= East Fremantle Lacrosse Club =

The East Fremantle Lacrosse Club was founded in 1899 and is the oldest continually existing lacrosse club in Western Australia.

==History==
Lacrosse first commenced in Western Australia in 1896 however in the first two years only social games were conducted. In 1898 four teams: Fremantle, Perth, Cottesloe and Mercantile were established and the first competition matches began. In April 1899 at the annual general meeting of the. Fremantle Lacrosse Club it was decided to form a second lacrosse club in Fremantle as the club was too strong for any of the other clubs. The original uniform was a long sleeved dark blue jersey with orange armbands and cuffs. In 1901 the uniform changed to a black jersey with a royal blue collar and cuffs.

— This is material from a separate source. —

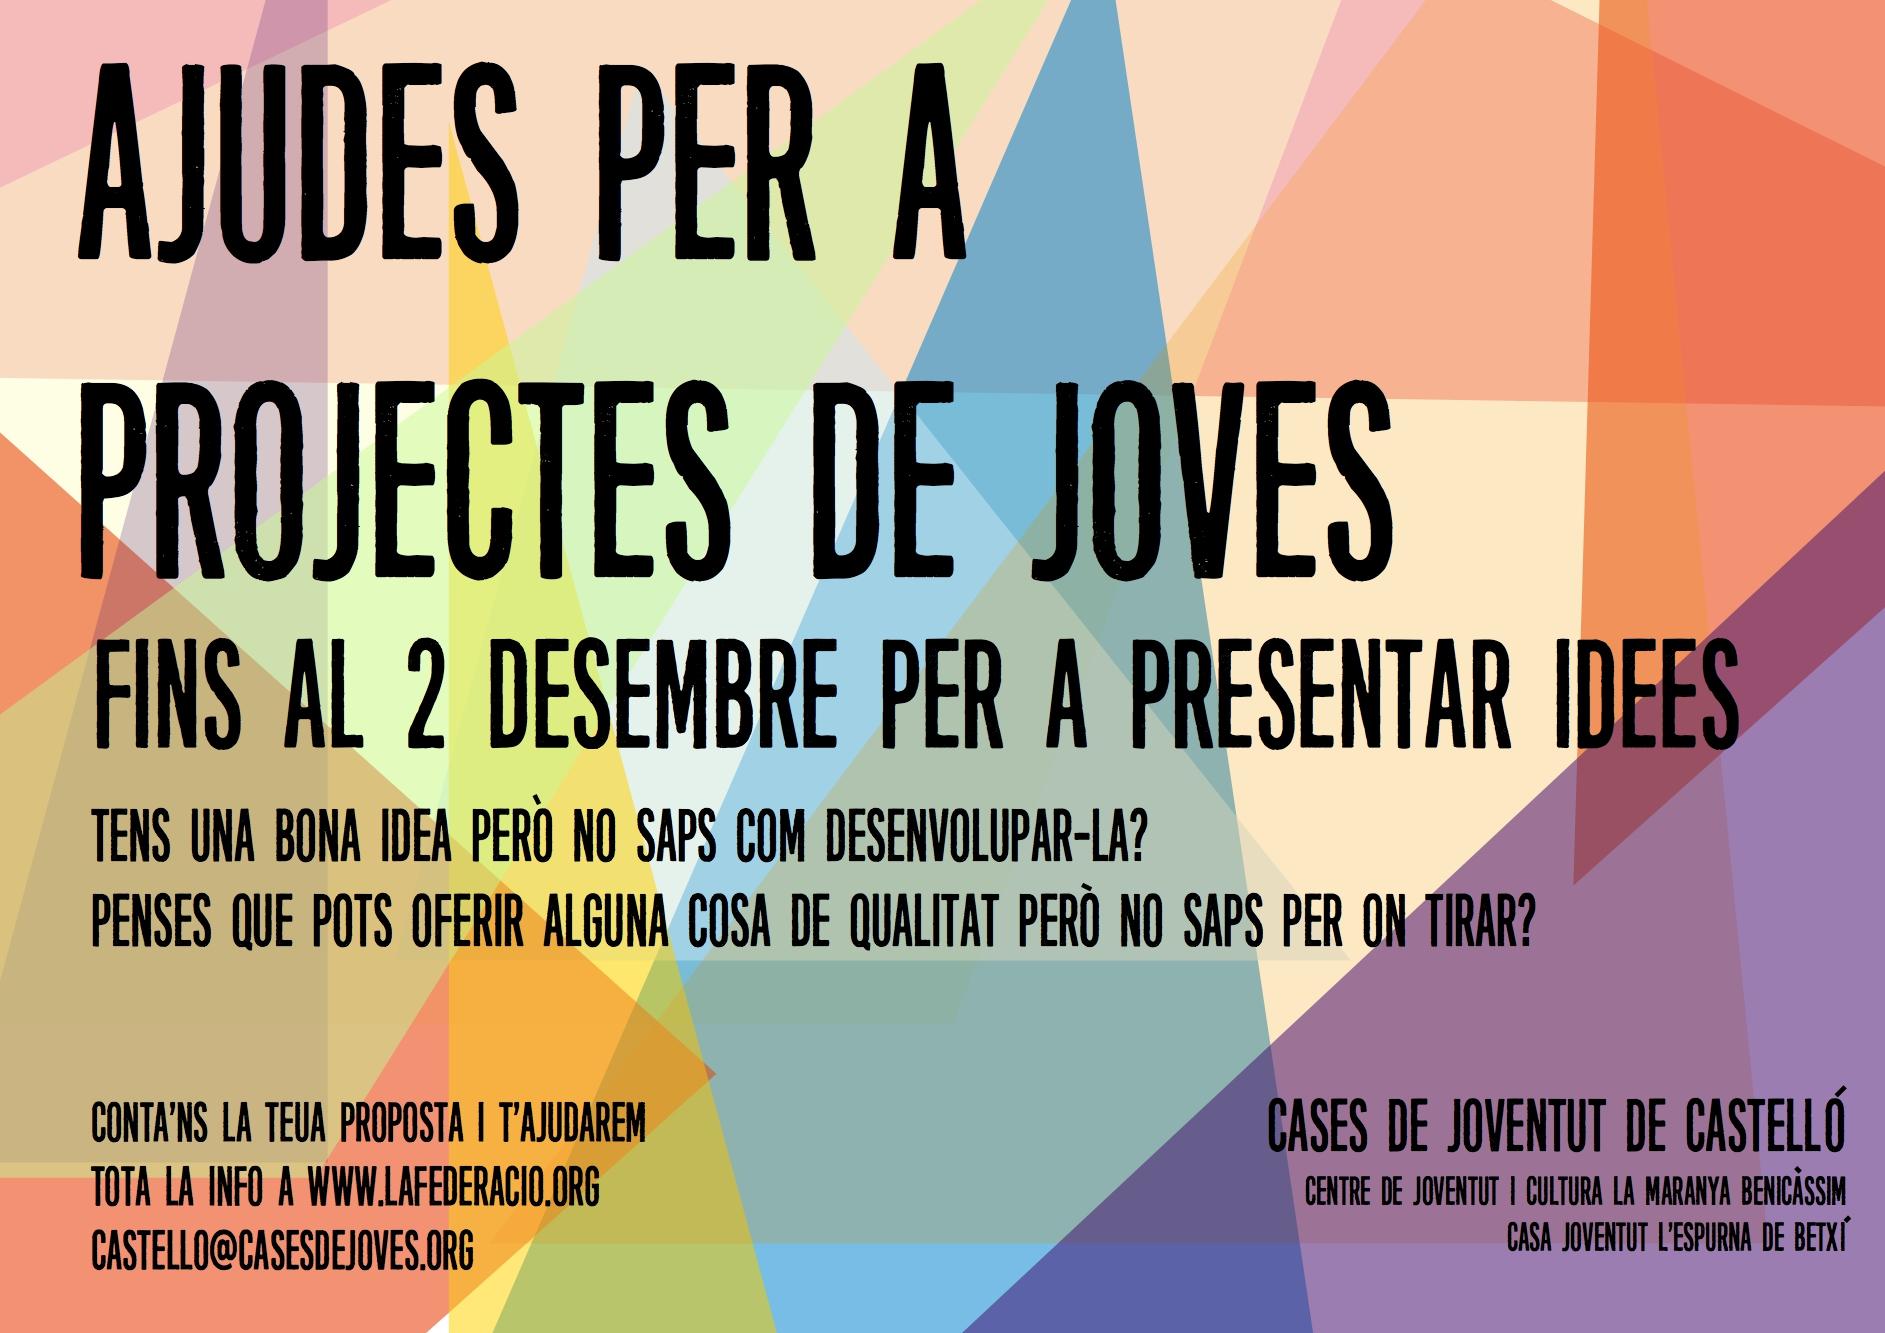 Cases de Castelló trau una convocatòria per ajudes per a projectes de joves

The team won its first premiership in 1904. In 1909 East Fremantle amalgamated with Fremantle, with the club playing in the East Fremantle uniform and winning the premiership that year. In 1915 the competition ceased due to World War I and resumed in 1919. The club continued to play with Fremantle until 1926 when it resumed under its own name.

In 1934, the club again amalgamated with Fremantle retaining the club's colours but using the home ground of Fremantle. In 1940, the club won its next premiership, the club's success was repeated again the following year.

In 1957, the club was formally incorporated. In 1960 the club constructed permanent club rooms at Preston Point Reserve and in 1961 won the premiership. In 1966, the club established a women's side, which won its first premiership in 1967.